● Required work
Write the data out again exactly, with every picture removed.

● Data extract
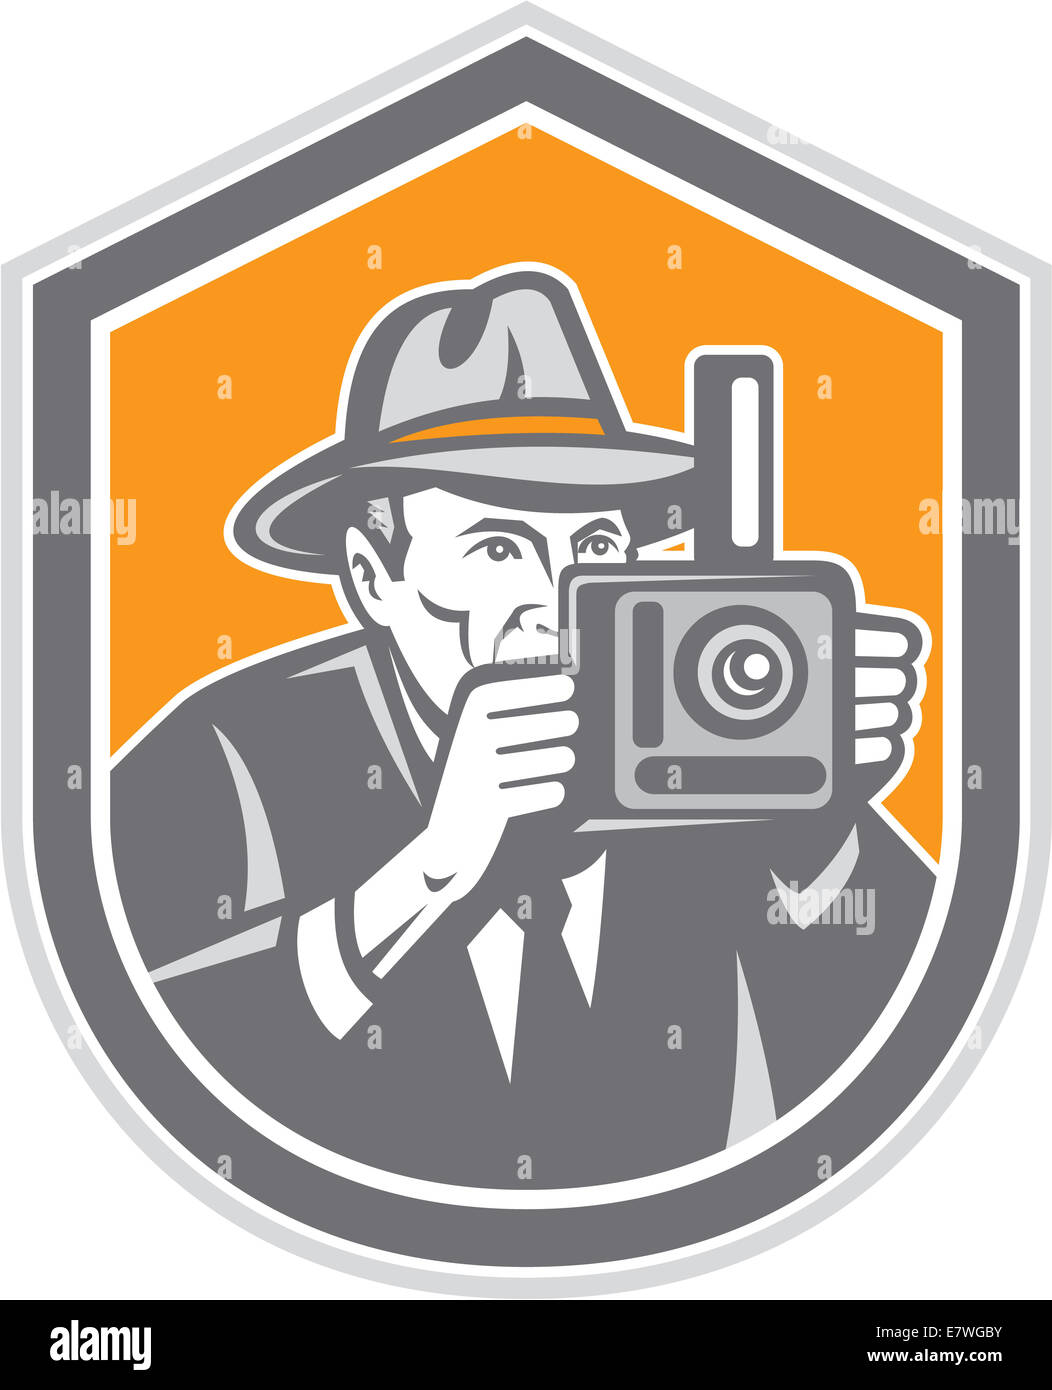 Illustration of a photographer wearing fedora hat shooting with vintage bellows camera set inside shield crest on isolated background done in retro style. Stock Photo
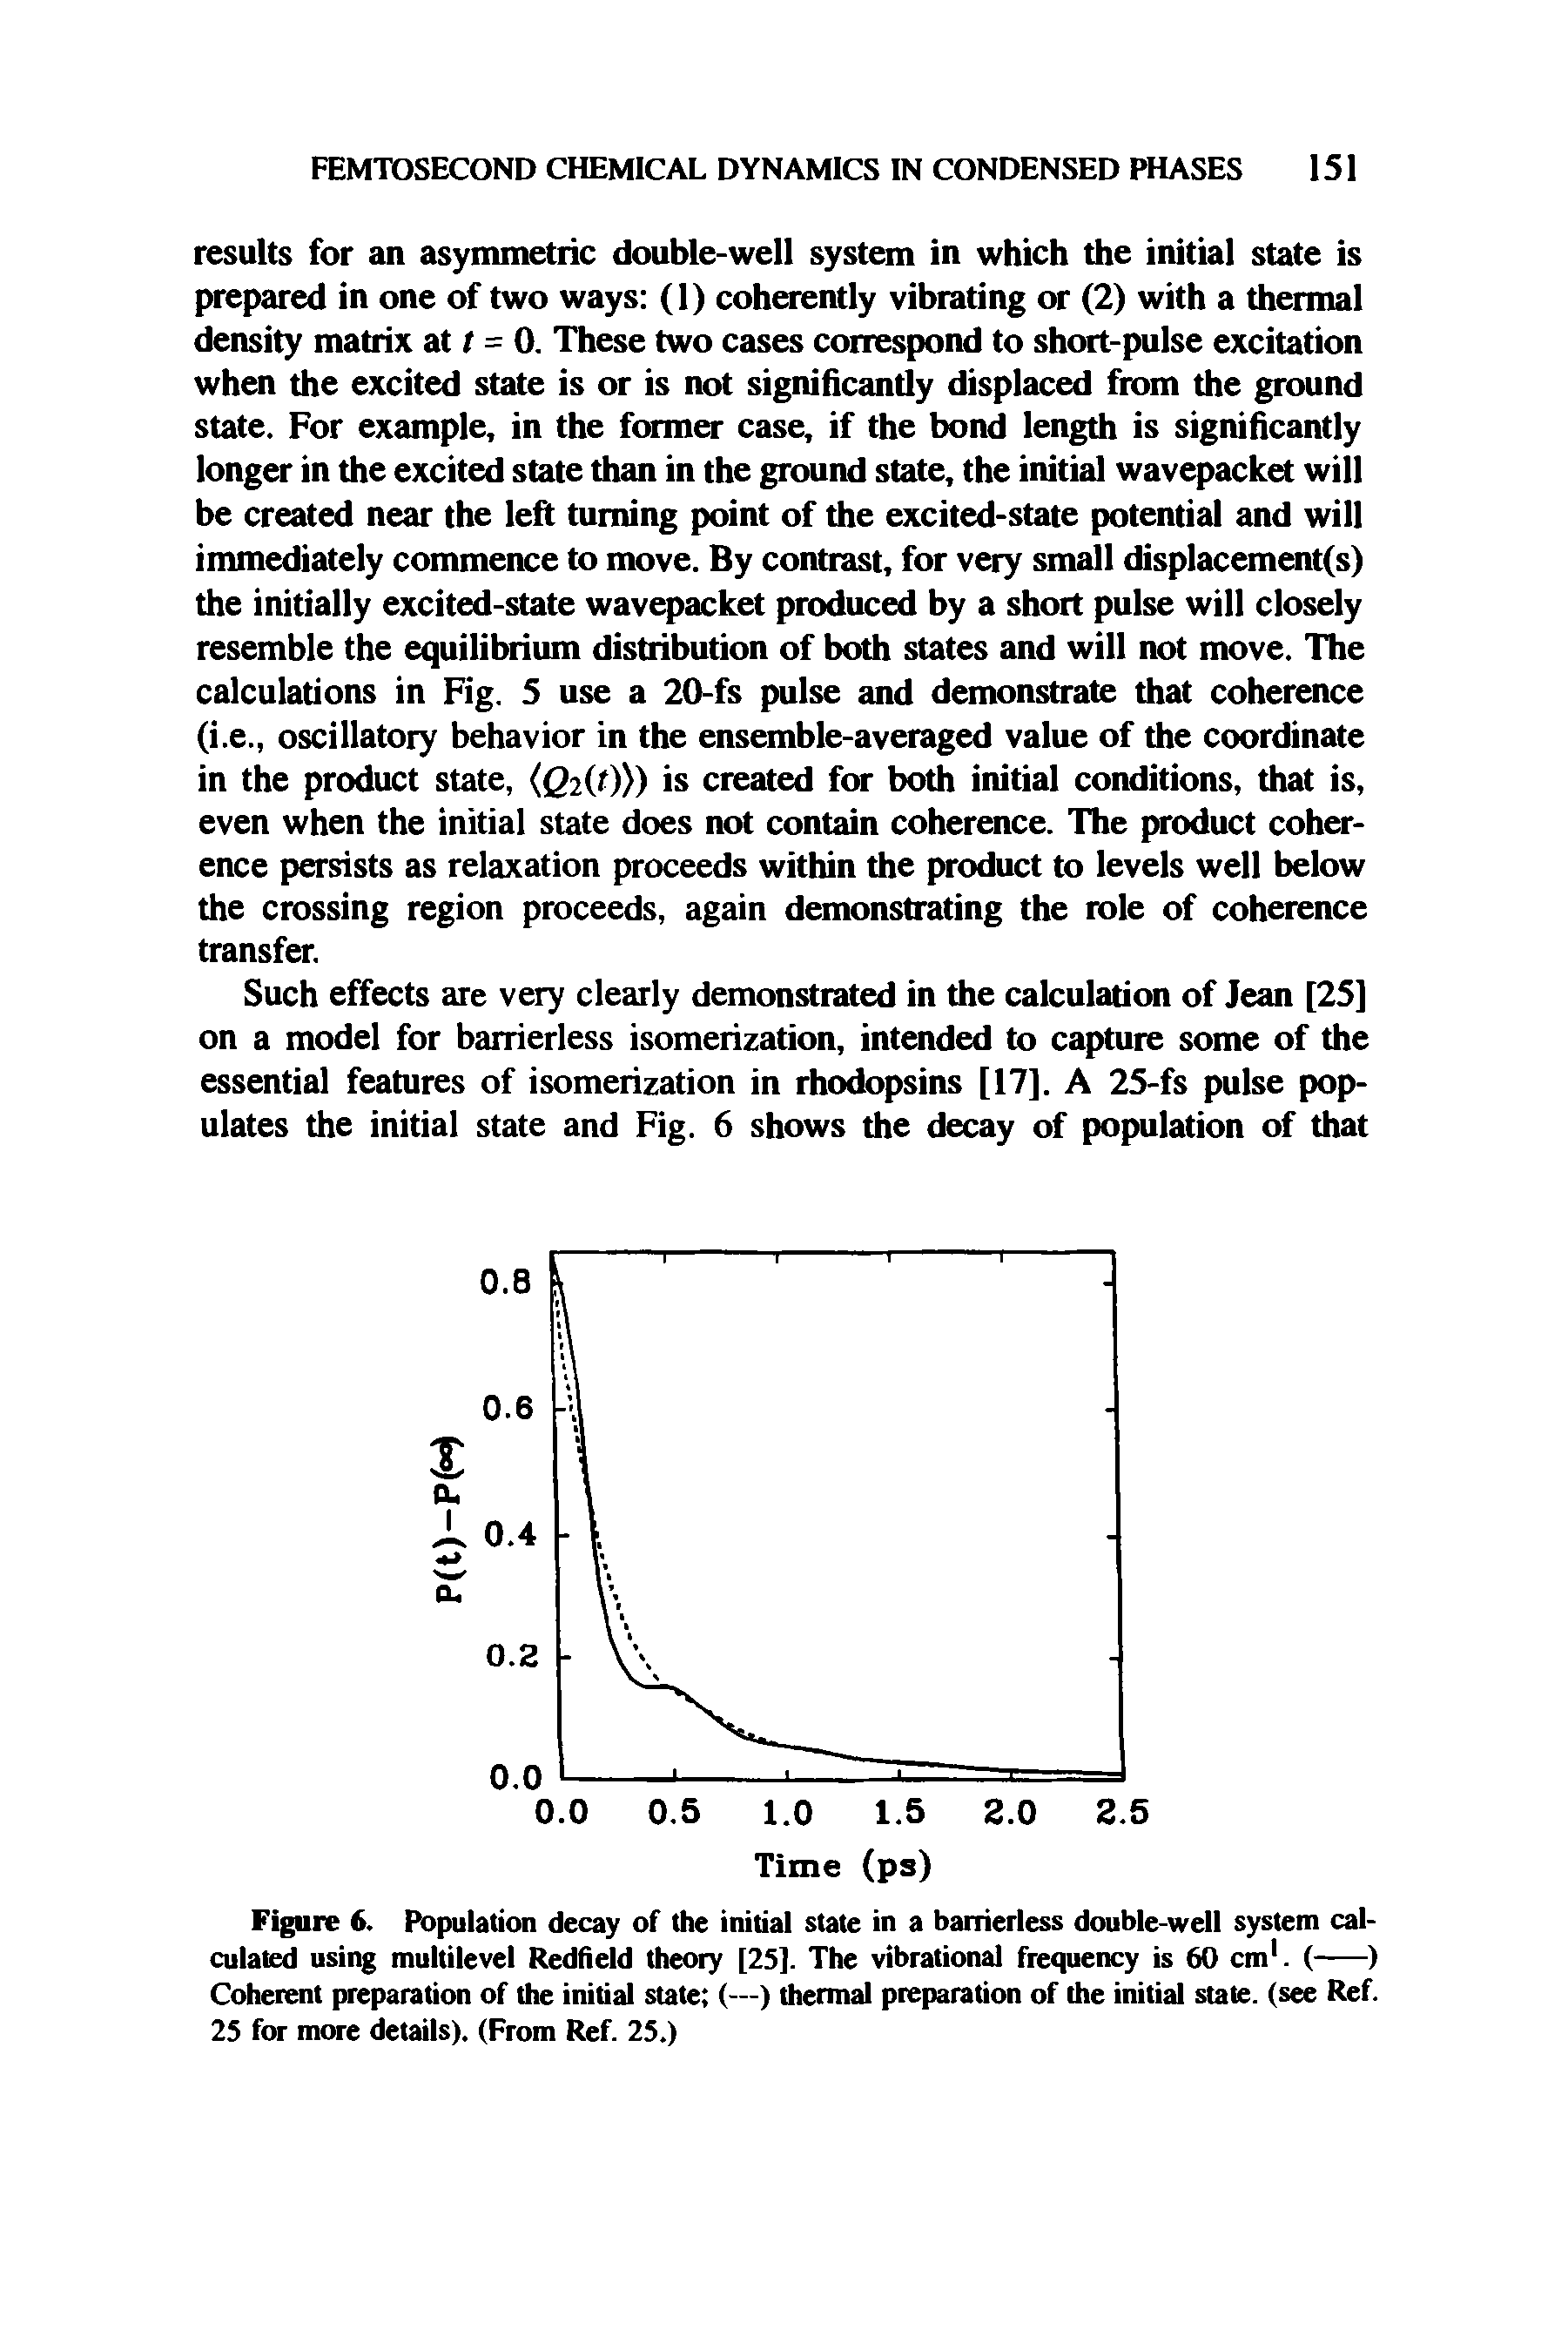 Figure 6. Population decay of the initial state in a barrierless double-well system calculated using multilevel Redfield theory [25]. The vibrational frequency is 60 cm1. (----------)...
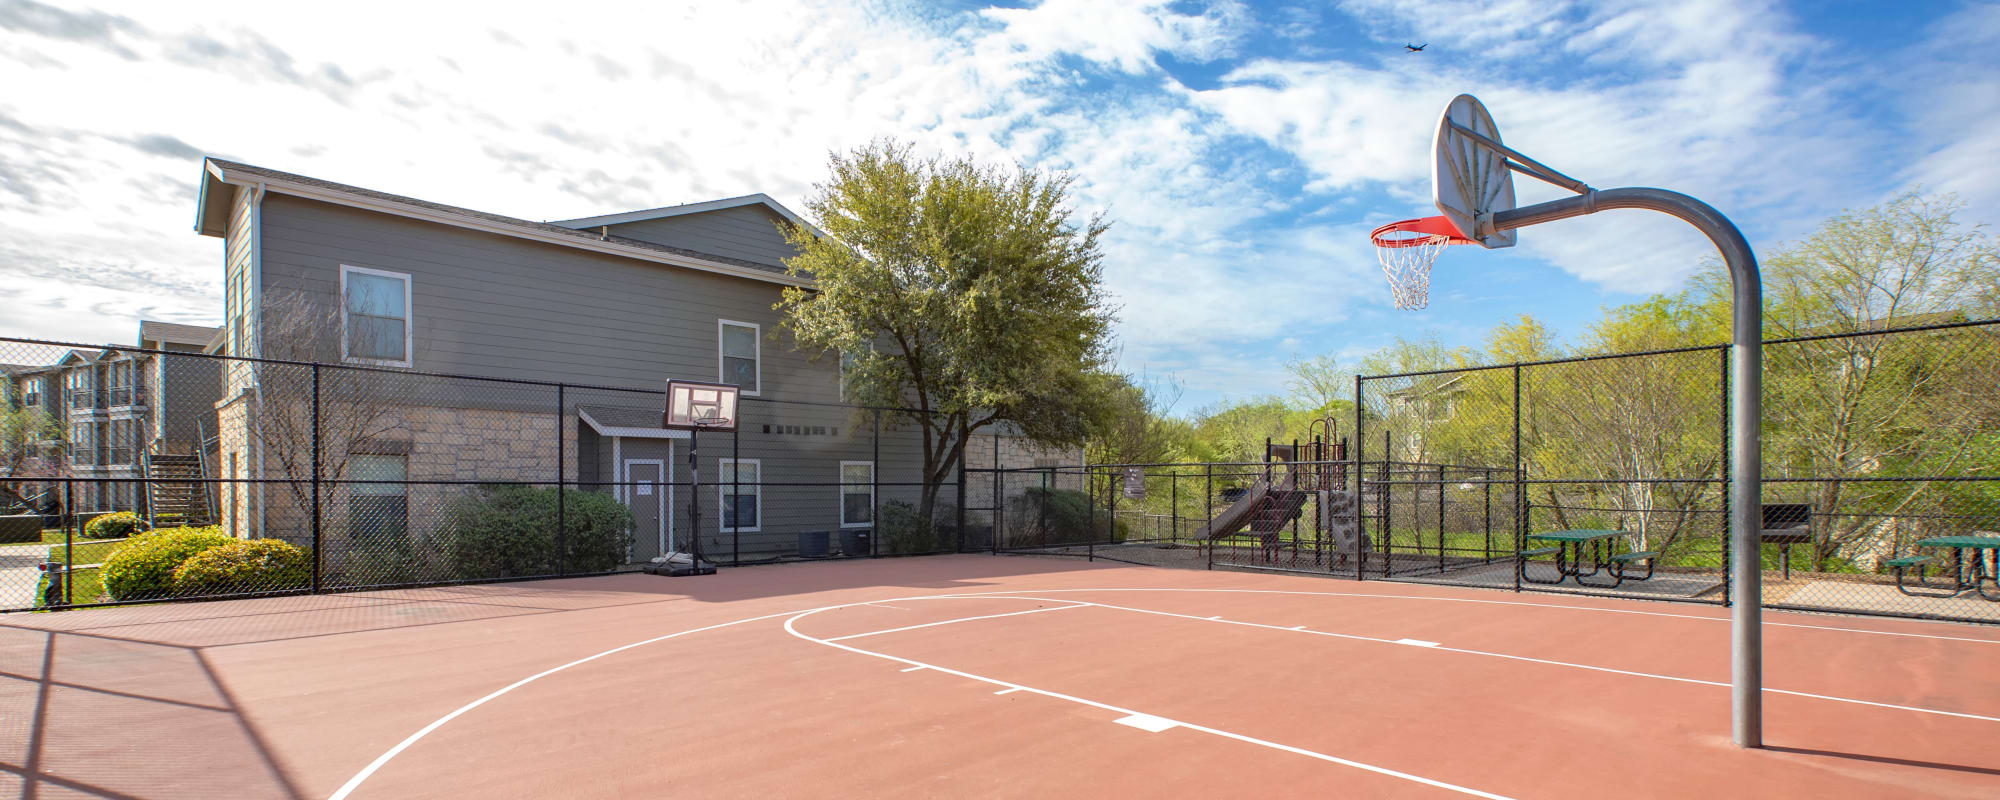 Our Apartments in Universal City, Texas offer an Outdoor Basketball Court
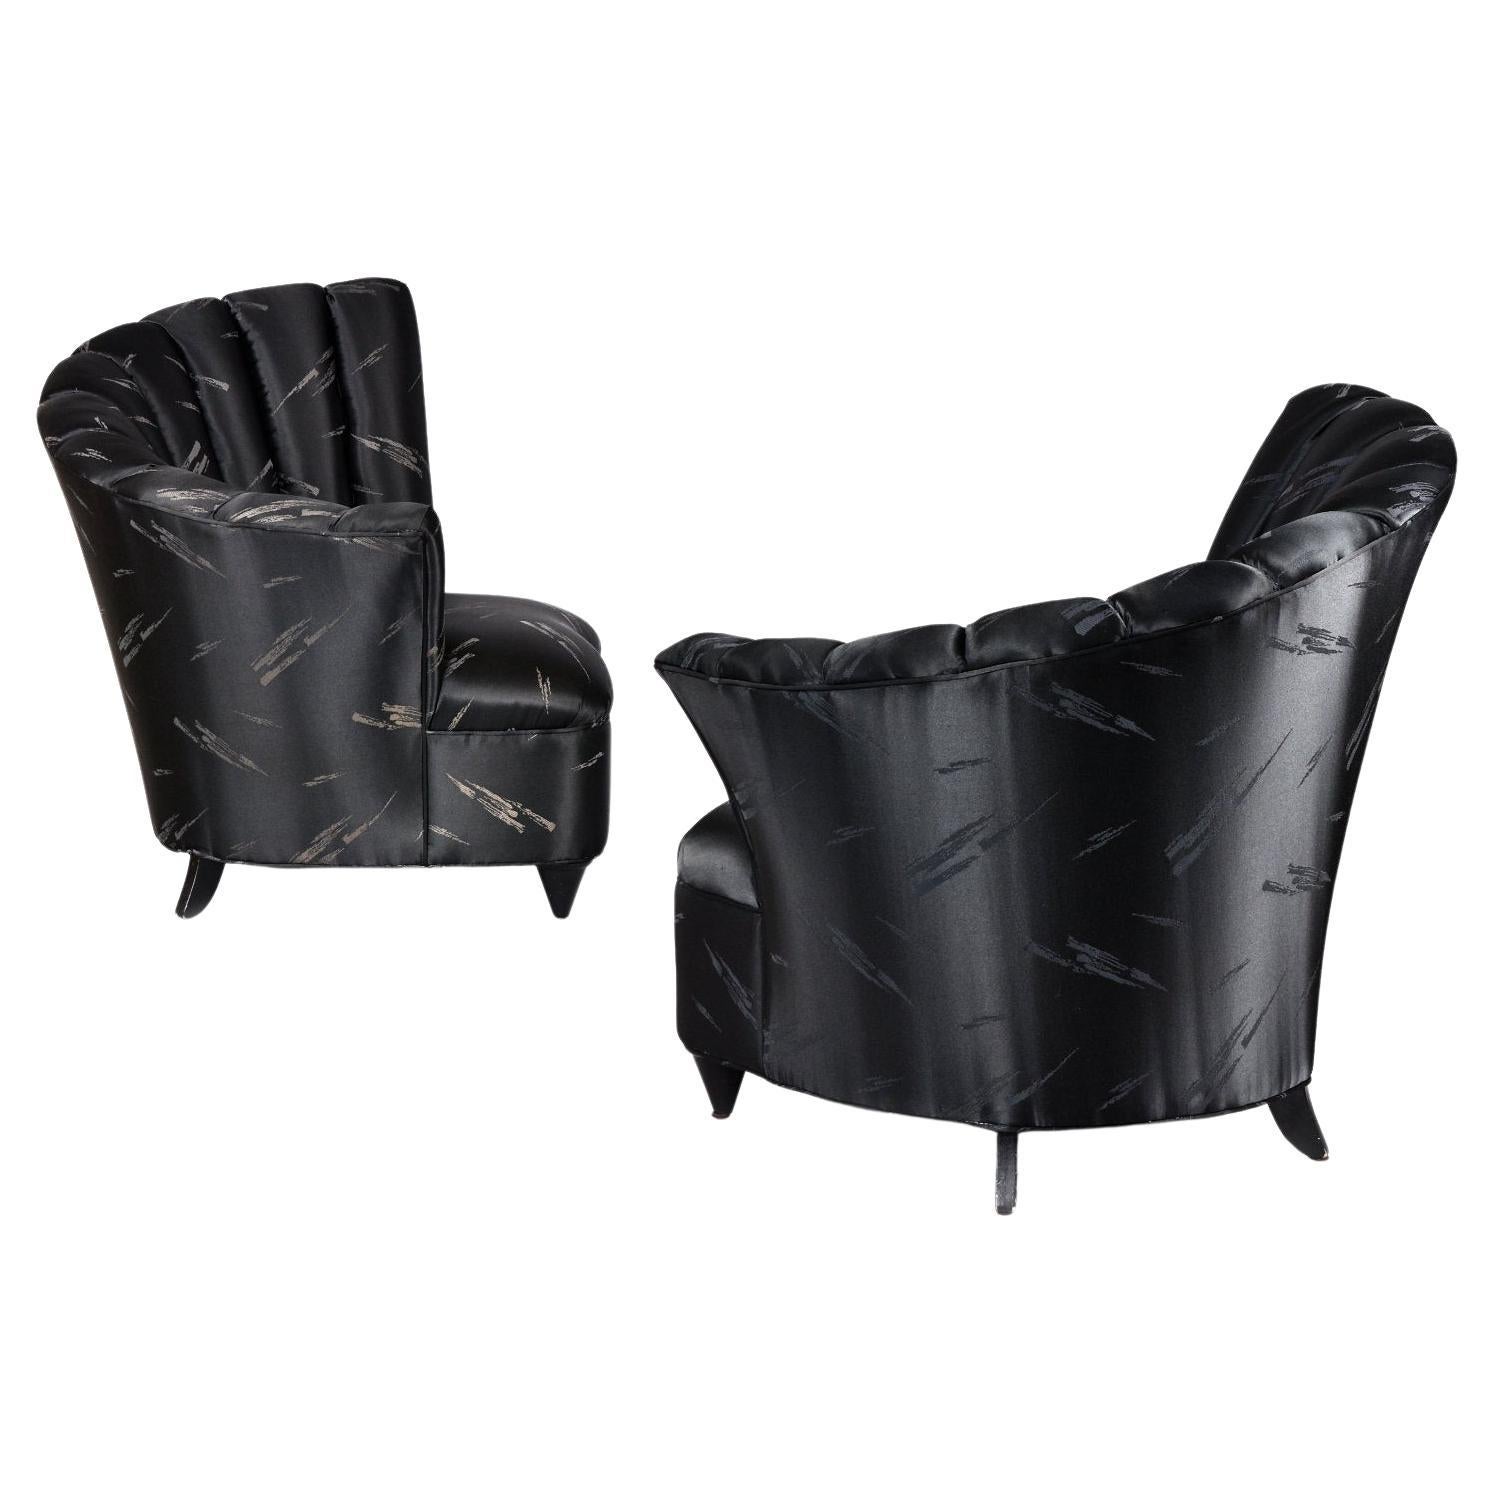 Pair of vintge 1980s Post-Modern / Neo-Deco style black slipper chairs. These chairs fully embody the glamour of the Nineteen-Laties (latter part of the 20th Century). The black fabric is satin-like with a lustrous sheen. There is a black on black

● Exercise solution
 Illustration of a photographer wearing fedora hat shooting with vintage bellows camera set inside shield crest on isolated background done in retro style. Stock Photo
 Figure 6. Population decay of the initial state in a barrierless double-well system calculated using multilevel Redfield theory [25]. The vibrational frequency is 60 cm1. (----------)...
 Our Apartments in Universal City, Texas offer an Outdoor Basketball Court
 Pair of vintge 1980s Post-Modern / Neo-Deco style black slipper chairs. These chairs fully embody the glamour of the Nineteen-Laties (latter part of the 20th Century). The black fabric is satin-like with a lustrous sheen. There is a black on black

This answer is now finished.